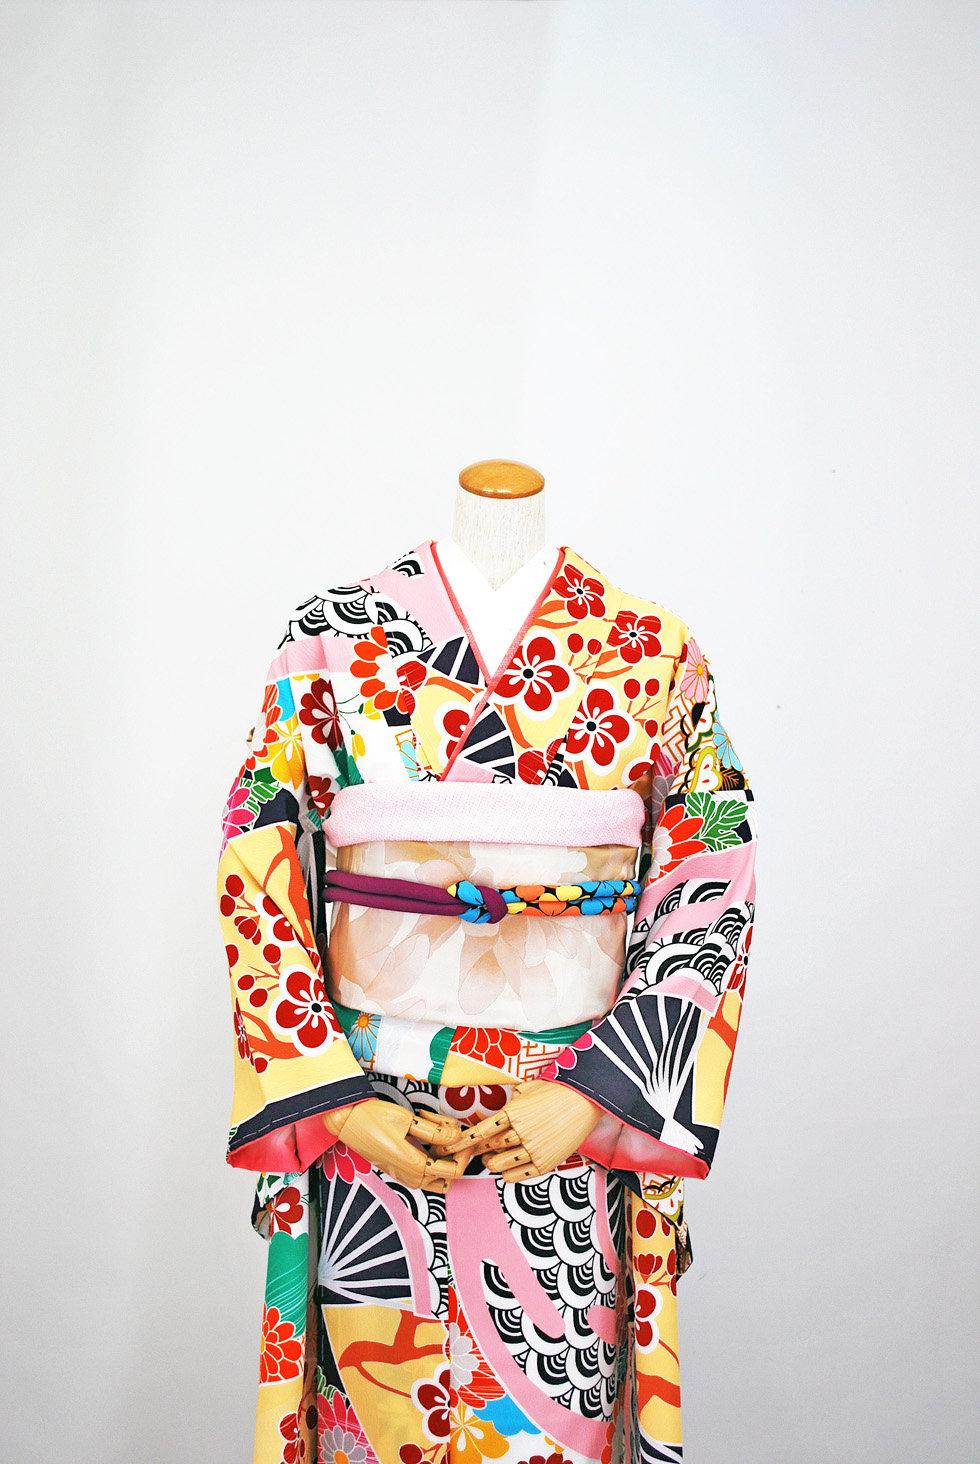 LA-VIE × uresuji | 檜扇 紫地 | 撮影セット
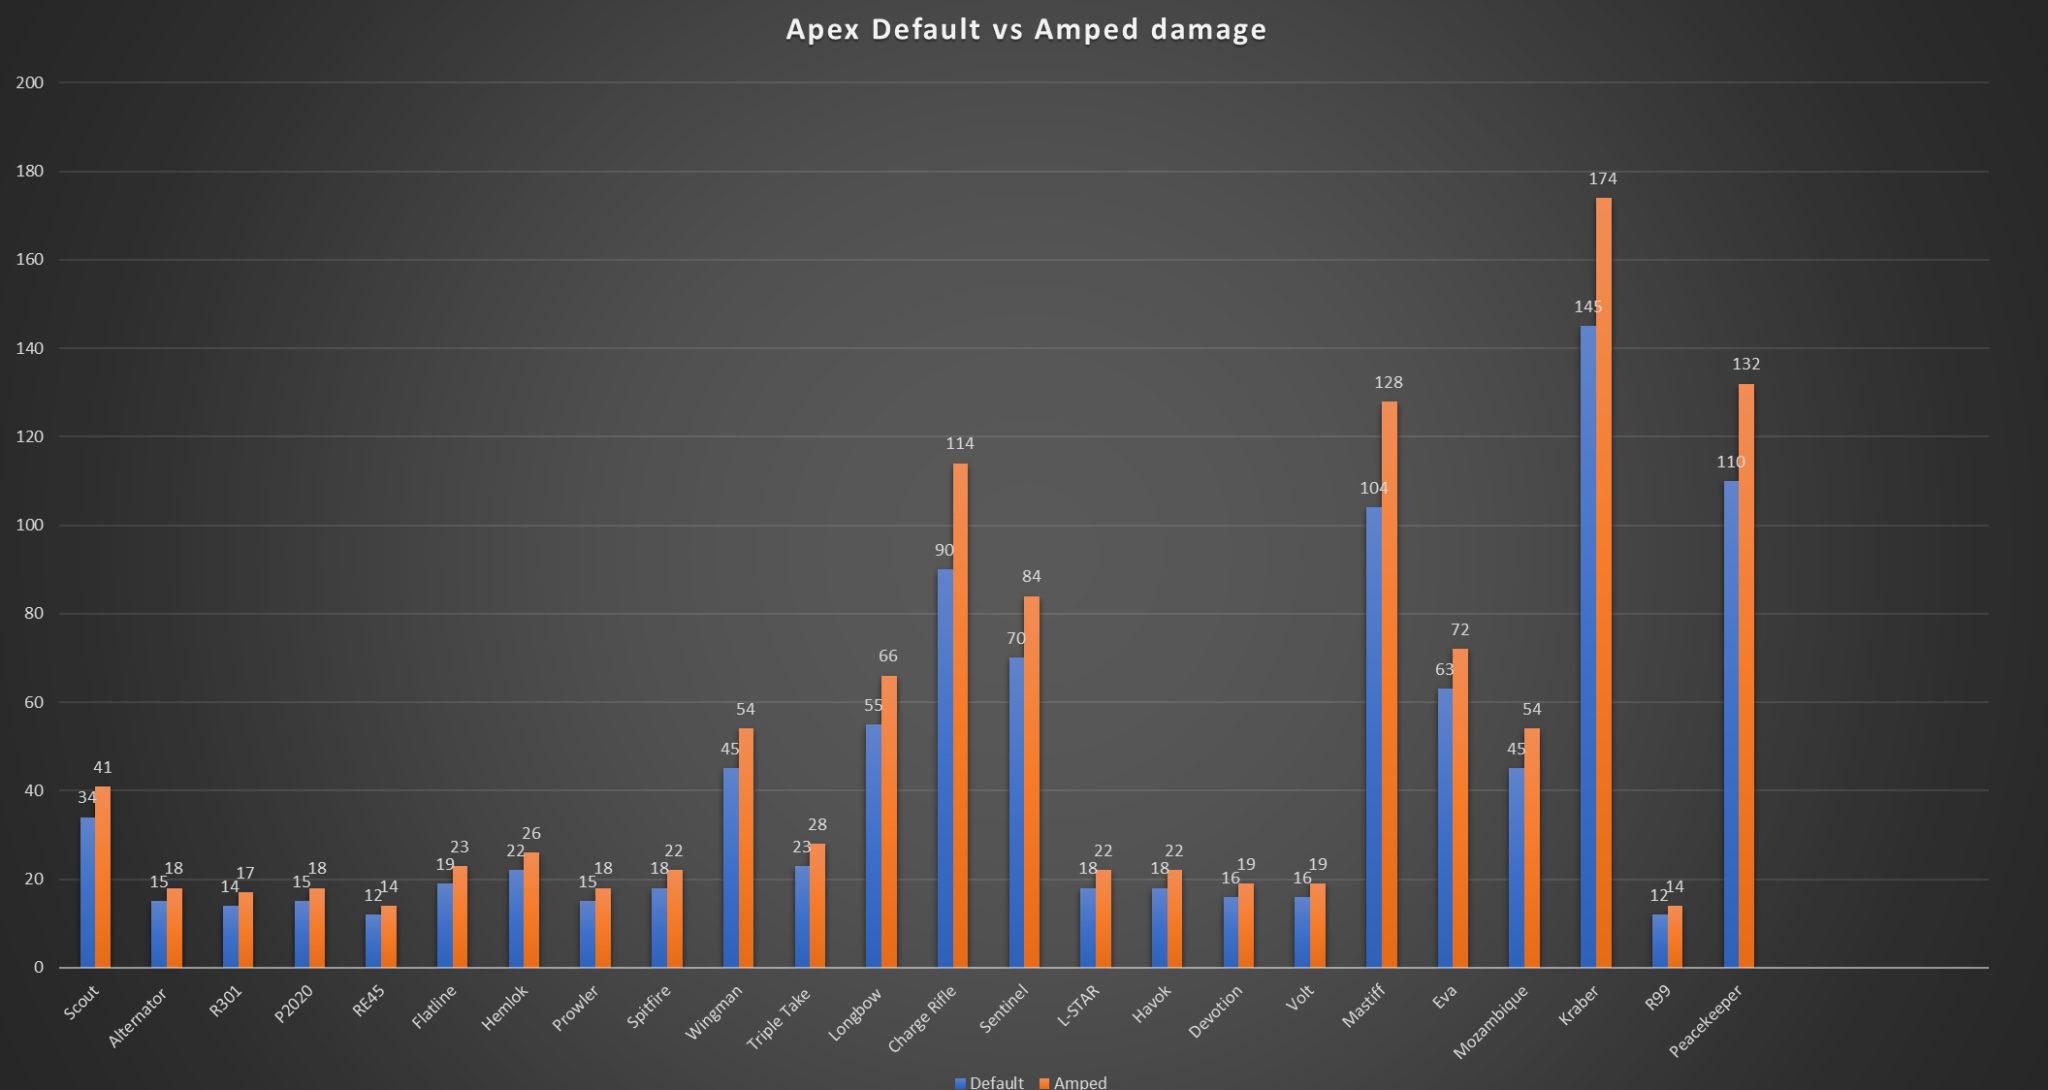 Apex Legends will get an updated training mode soon
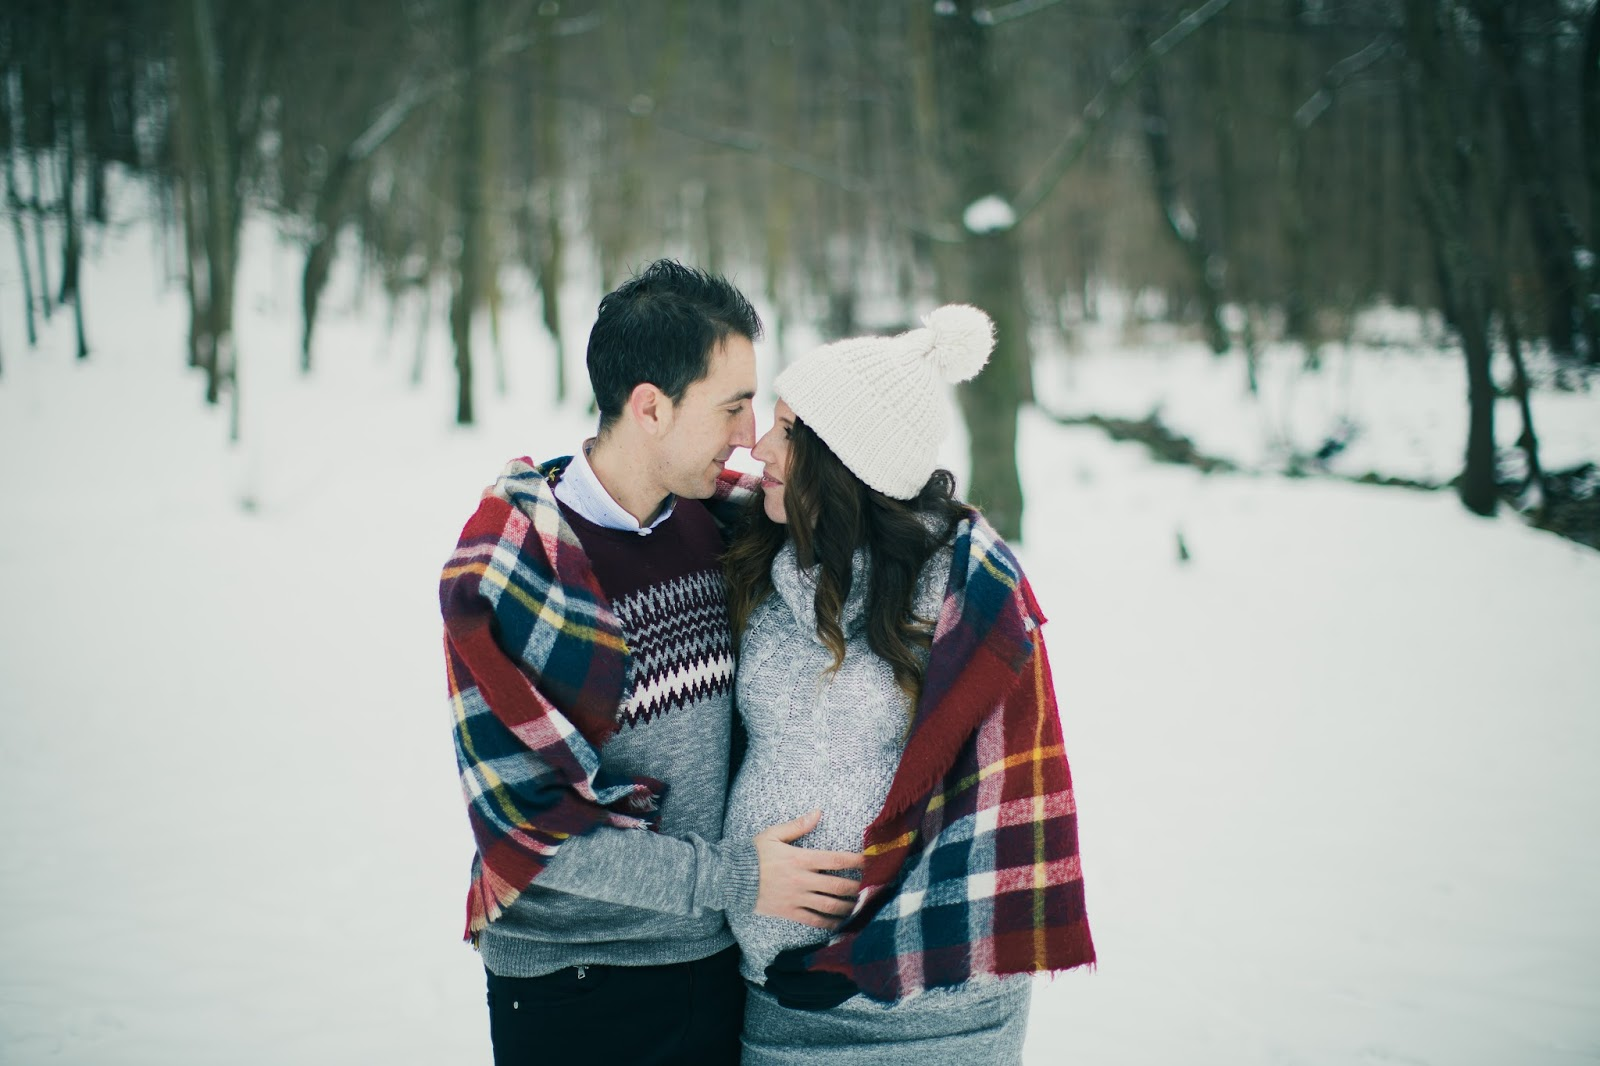 e1fc87d5f Dulce espera +Sesión embarazo en la nieve - Sweet Carol - Blog
::::
Would you please give the material above again, unchanged but without pictures?

■ **Result of this exercise**:
 LA-VIE × uresuji | 檜扇 紫地 | 撮影セット
 Apex Legends will get an updated training mode soon
 e1fc87d5f Dulce espera +Sesión embarazo en la nieve - Sweet Carol - Blog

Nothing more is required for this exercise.